Defining the orientation of an arbitrary object in 3D is not trivial. To do so, two coordinate frames are defined. One is the global coordinate frame which is fixed and is an inertial frame of reference. The other is a body fixed coordinate frame oriented such that the local Z axis coincides with the vector normal to the disk. All calculations are carried out in the body fixed frame.

The moment of inertia of the disk is defined as a matrix as follows:

$I = \left[\begin{matrix}I_{x}&0&0\\0&Iy&0\\0&0&I_z\end{matrix}\right]$

Which evaluates to:

$I = \left[\begin{matrix}\frac{1}{4}MR_d^2&0&0\\0&\frac{1}{4}MR_d^2&0\\0&0&\frac{1}{2}MR_d^2\end{matrix}\right]$

The orientation of the disk is a combination of successive rotations about the global Y axis and the local X axis. The vector normal to the plane of the disk can be rewritten as :

$\hat{n} = \left[\begin{matrix}\cos(\theta)&-\sin(\theta)&0\\ \sin(\theta)&\cos(\theta)&0\\0&0&1\end{matrix}\right] \left[\begin{matrix}\cos(\phi)&0&\sin(\phi)\\ 0&1&0\\-\sin(\phi)&0&\cos(\phi)\end{matrix}\right] \left[\begin{matrix}0\\0\\1\end{matrix}\right]$

The net rotation matrix is defined as :

$R = \left[\begin{matrix}\cos(\theta)&-\sin(\theta)&0\\ \sin(\theta)&\cos(\theta)&0\\0&0&1\end{matrix}\right] \left[\begin{matrix}\cos(\phi)&0&\sin(\phi)\\ 0&1&0\\-\sin(\phi)&0&\cos(\phi)\end{matrix}\right]$

Using this matrix, the angular velocity vector can be derived as follows:

$\tilde{\omega} = R^T\dot{R}$

Where

$\dot{R} = \frac{\partial R}{\partial \phi} \dot{\phi} + \frac{\partial R}{\partial \theta} \dot{\theta}$

The angular velocity vector is obtained by taking the elements of the matrix $\tilde{\omega}$ as follows:

$\vec{\omega} = (\tilde{\omega}(3,2),\tilde{\omega}(1,3),\tilde{\omega}(2,1))$

or

$\omega = \left[\begin{matrix}\tilde{\omega}(3,2)\\\tilde{\omega}(1,3)\\\tilde{\omega}(2,1)\end{matrix}\right]$

From here, the expression of kinetic energy is:

$KE = \frac{1}{2}\omega^TI\omega$

The expression comes out to be:

$KE = \frac{{\mathrm{\dot{\phi}}}^2}{8}-\frac{{\mathrm{\dot{\theta}}}^2\,{\sin\left(\phi \right)}^2}{8}+\frac{{\mathrm{\dot{\theta}}}^2}{4}$

Note that the expression is independent of the angle $\theta$ . I realise this approach may seem very abstract but this is the method I used to arrive at the answer. If necessary, I will update the solution to provide more clarity. I recommend referring to the solution provided by Steven Chase.

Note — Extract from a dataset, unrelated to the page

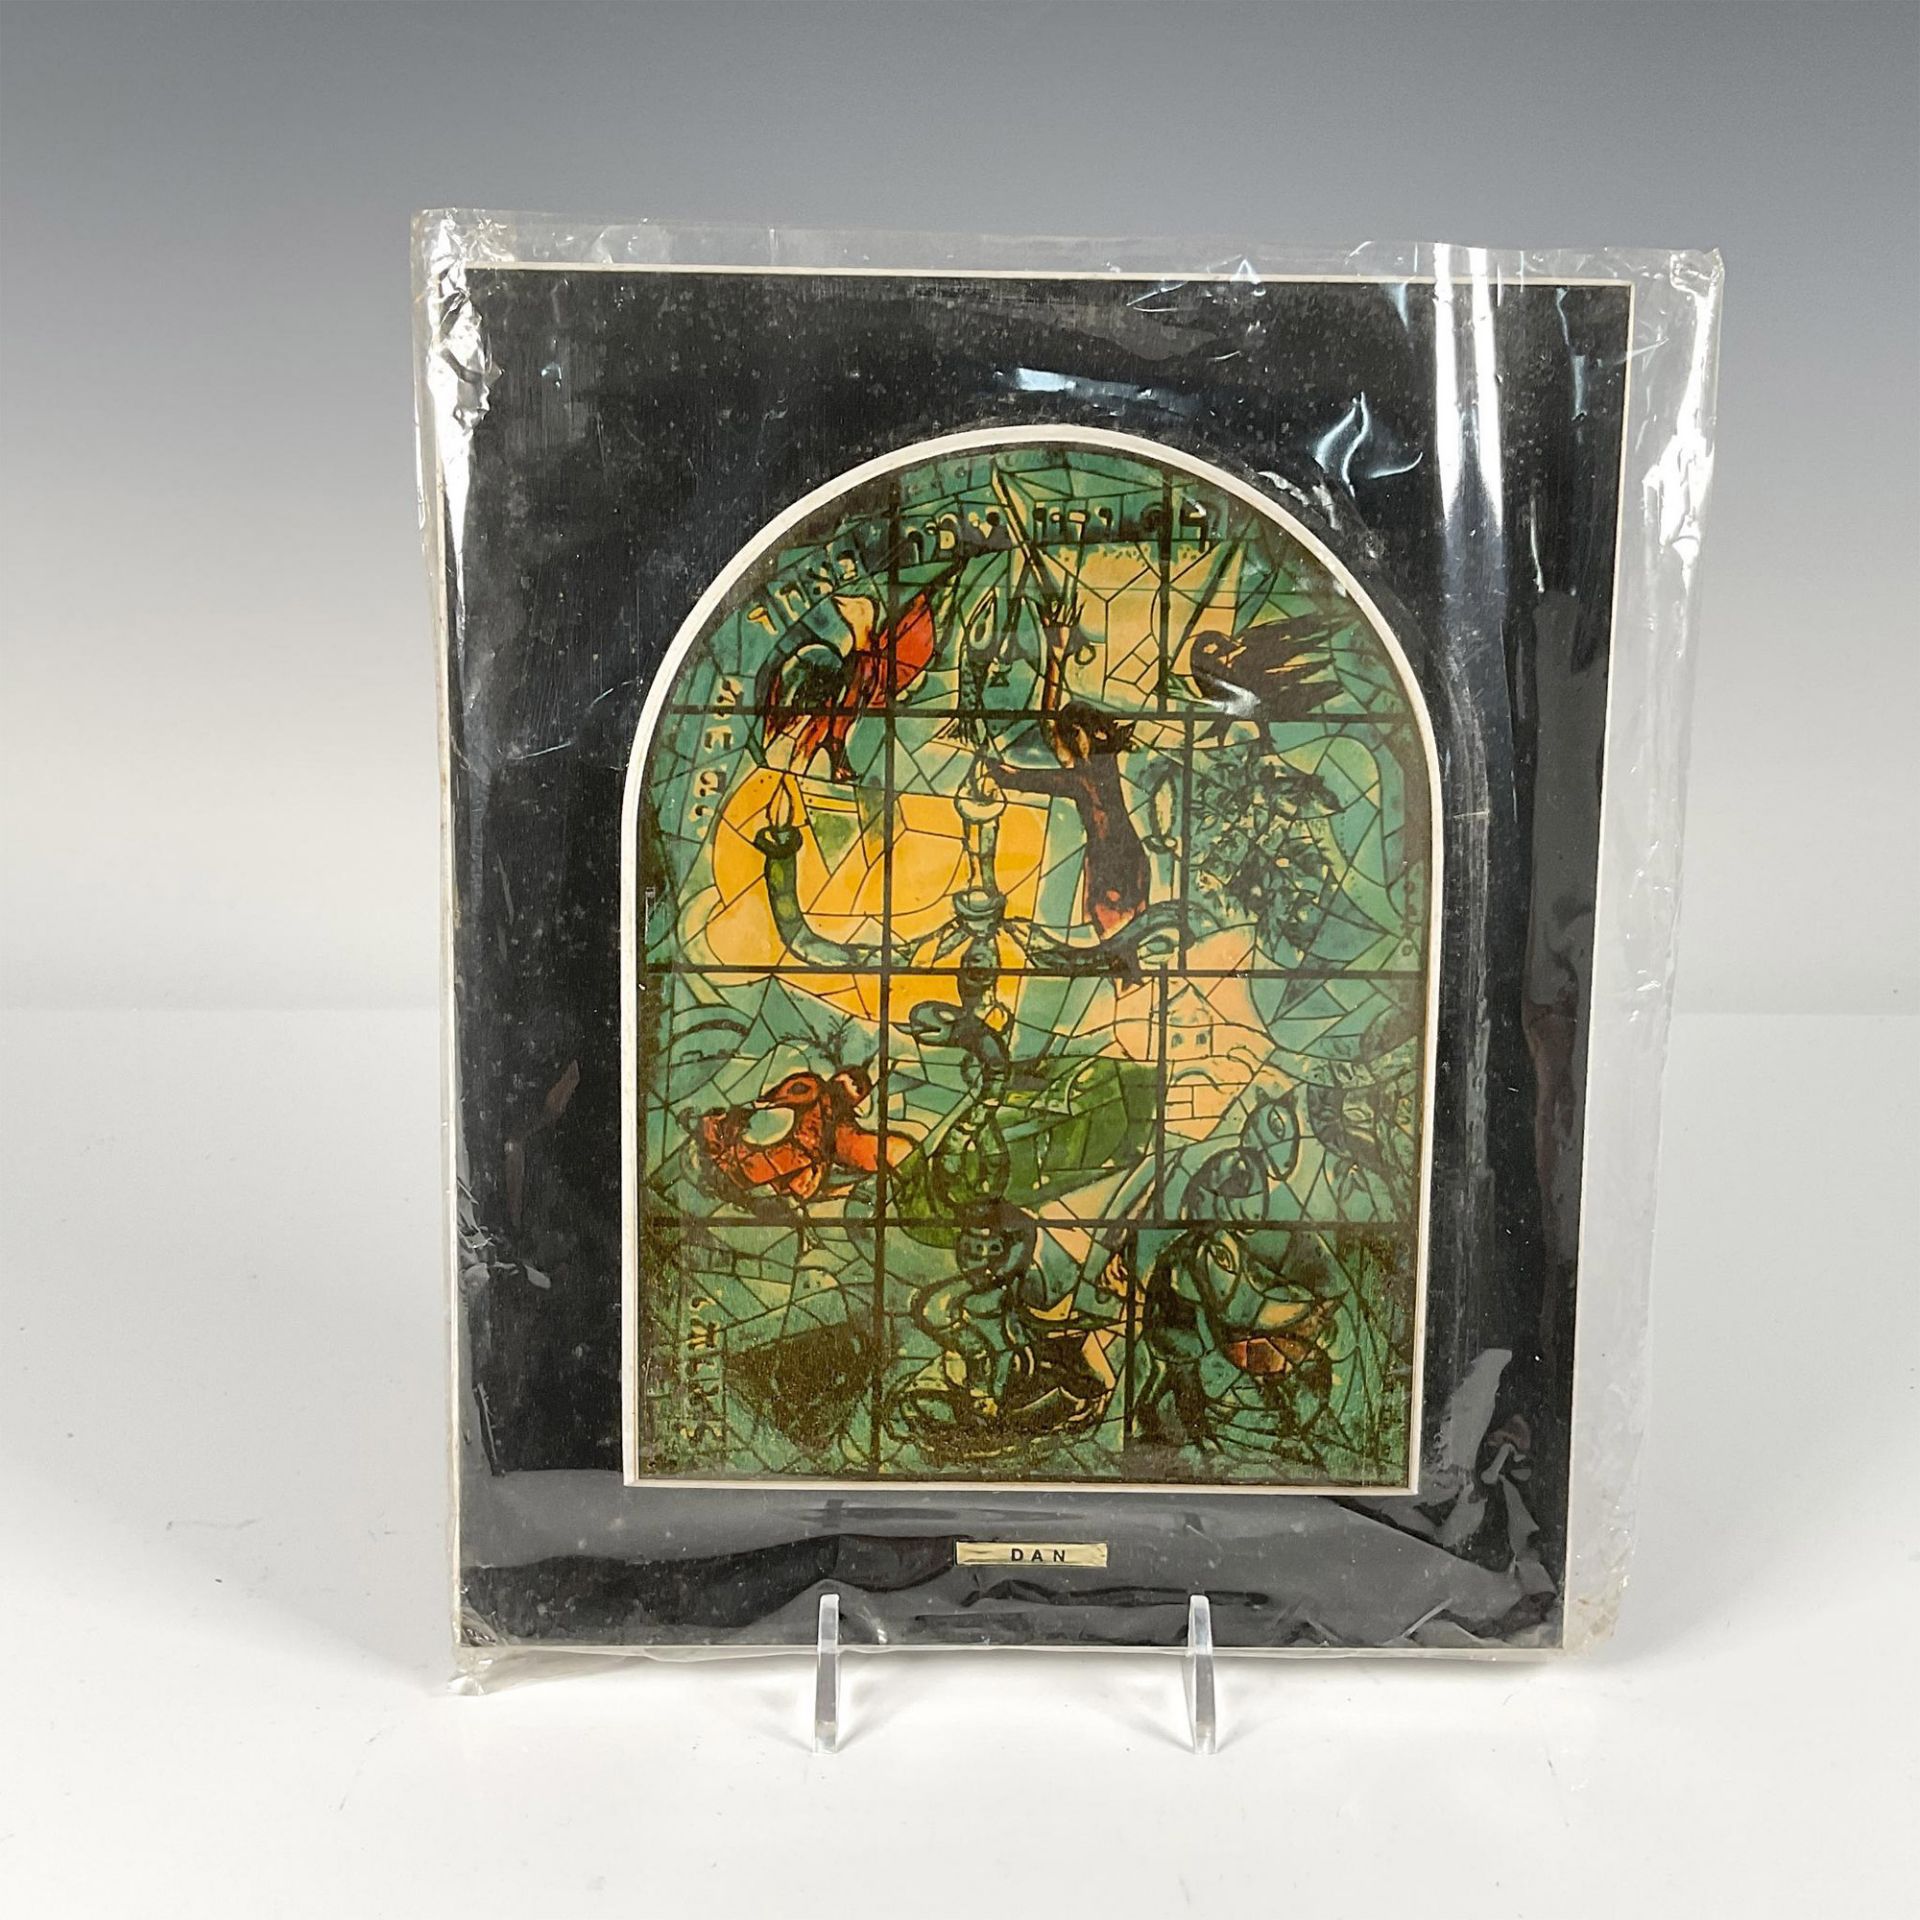 13pc After Marc Chagall by Avissar Wooden Plaques, The 12 Stained Glass Windows - Bild 15 aus 20

I will derive the kinetic energy from first principles, without making reference to moments of inertia. Derive two orthogonal unit vectors which lie in the plane of the disk. By inspection, the first is as follows:

$\vec{u}_{1} = \Big(\sin (\theta), -\cos (\theta), 0 \Big)$

The second is obtained by taking the cross product of $\vec{N}$ with $\vec{u}_1$ .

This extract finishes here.